The Inmates of Willard 1870 to 1900: A Genealogy Resource

The following passage was and is my proposal for a New York State law which probably will never be brought up again and will never pass. Rest In Peace Anonymous Souls!

“This bill is important and necessary in order to restore the dignity and personhood of the thousands of people who were incarcerated and died at former New York State Insane Asylums, (later renamed State Hospitals), Feeble-Minded and Epileptic Custodial Institutions. When the bodies of the inmates were not claimed by family members, they were buried in anonymous, unmarked graves, or, their bodies and brains were given to medical colleges for research. These forgotten souls deserve to have their names remembered and available to the public by means of a searchable internet database. Some of these deceased patients were undoubtedly United States Veterans who served during the Civil War, WWI, WWII, Korea, and Viet Nam, who suffered from PTSD and Shell Shock. Their graves deserve to be marked with the American Flag and honored like any other veteran’s grave.

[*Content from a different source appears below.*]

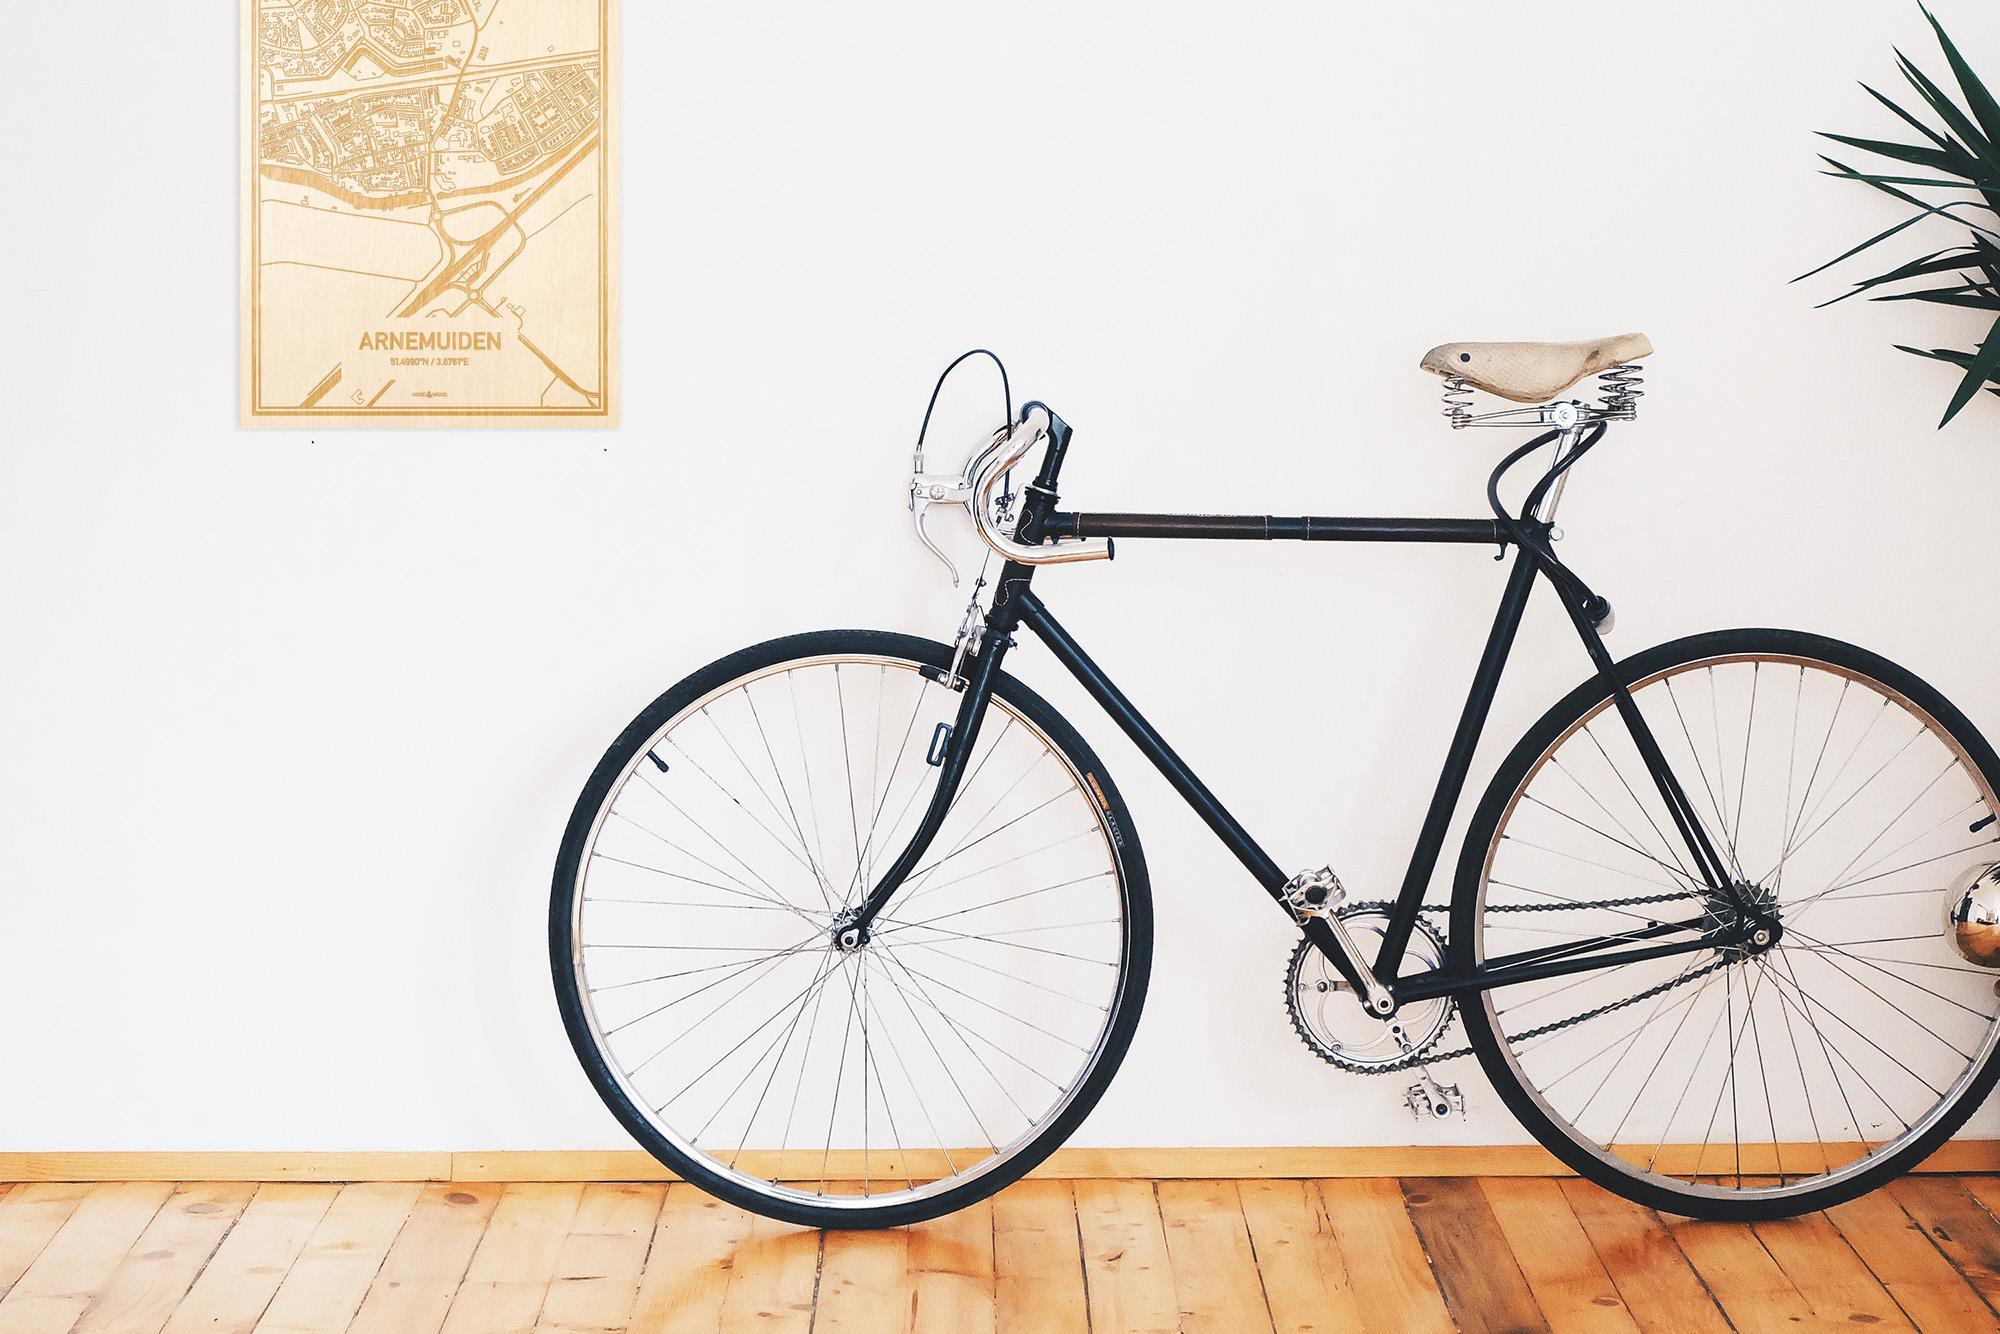 Een snelle fiets in een uniek interieur in Zeeland met mooie decoratie zoals de plattegrond Arnemuiden.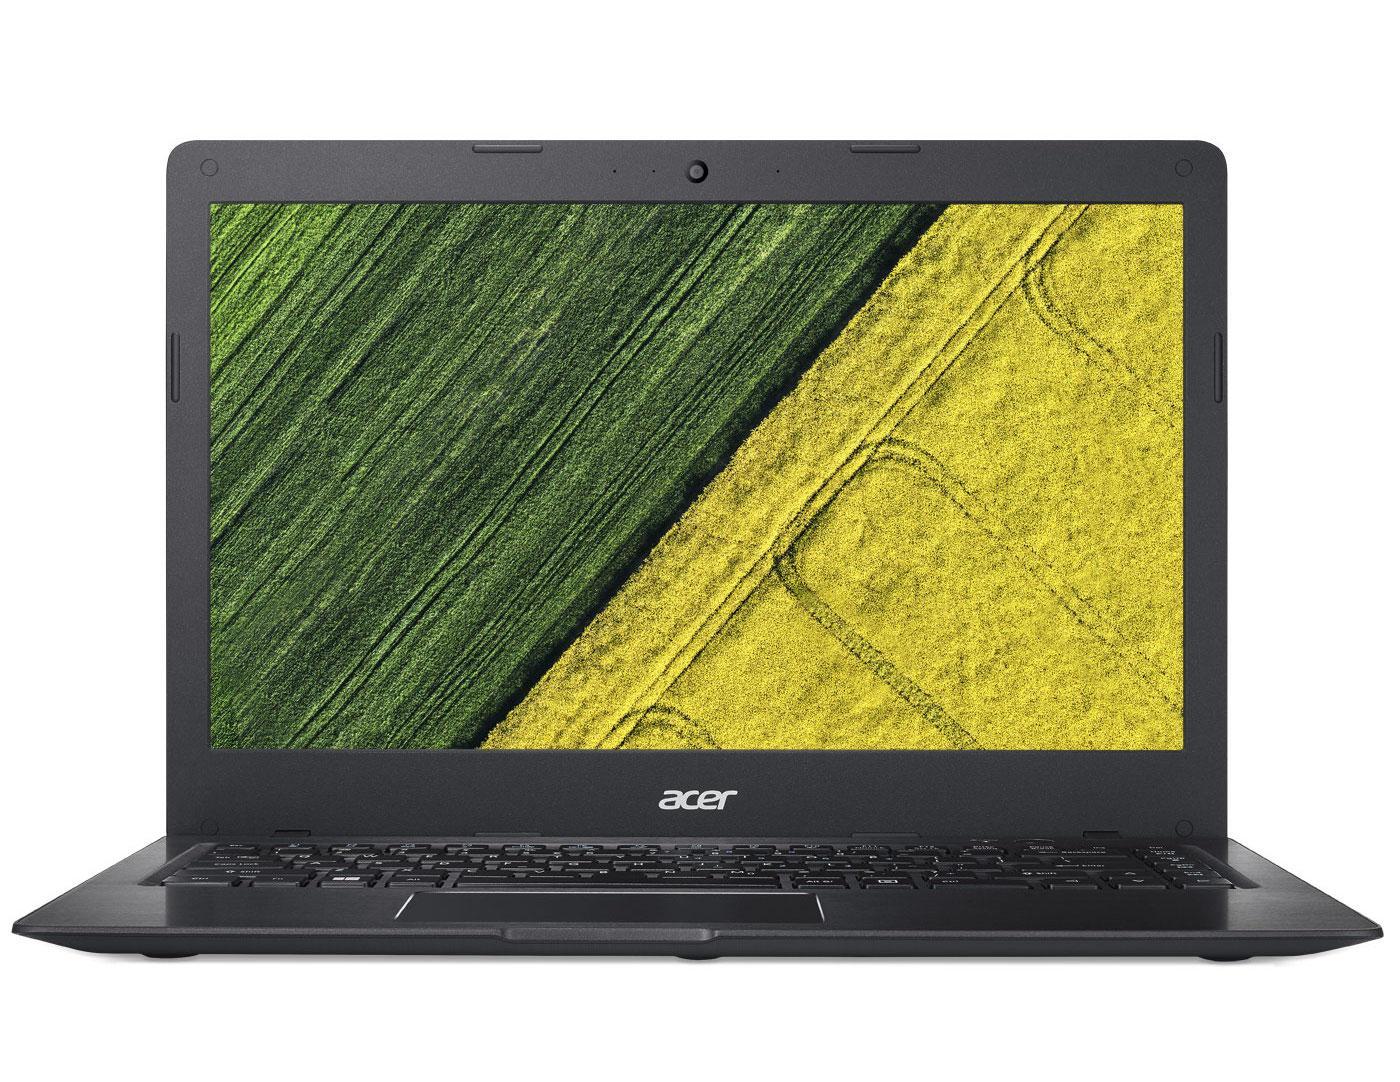 Image du PC portable Acer Swift 1 SF114-31-P9N8 Noir

The list of these former New York State Hospitals includes but is not limited to: Binghamton, Buffalo, Central Islip, Creedmoor, Dannemora, Edgewood, Gowanda, Hudson River, Kings Park, Long Island, Manhattan, Marcy, Matteawan, Middletown, Mohansic, Pilgrim, Rochester, St. Lawrence, Syracuse, Utica, and Willard.

The Feeble-Minded (Intellectual Disabilities) and Epileptic Custodial Institutions of New York includes but is not limited to: Craig Colony for Epileptics, Letchworth Village for Epileptics & Intellectually Disabled, Newark State School for Intellectually Disabled Women, Rome State School for Intellectually Disabled Adults & Children, and Syracuse State School for Intellectually Disabled Children. There may be more.

There is no good reason why these long deceased souls need to be punished and stigmatized in death for an illness or intellectual disability that they lived with in life. The great majority of these former state hospitals closed in favor of smaller group home settings or changed their names to Psychiatric Centers in the early 1970s. This in turn led to many patients being thrown onto the streets to live in cardboard boxes, or thrown into jail with no psychiatric services, just as they did 150 years ago. I do not understand why anyone would need to have their name withheld from any cemetery list until 50 years had passed after their death. This requirement in the bill only serves to feed the stigma.”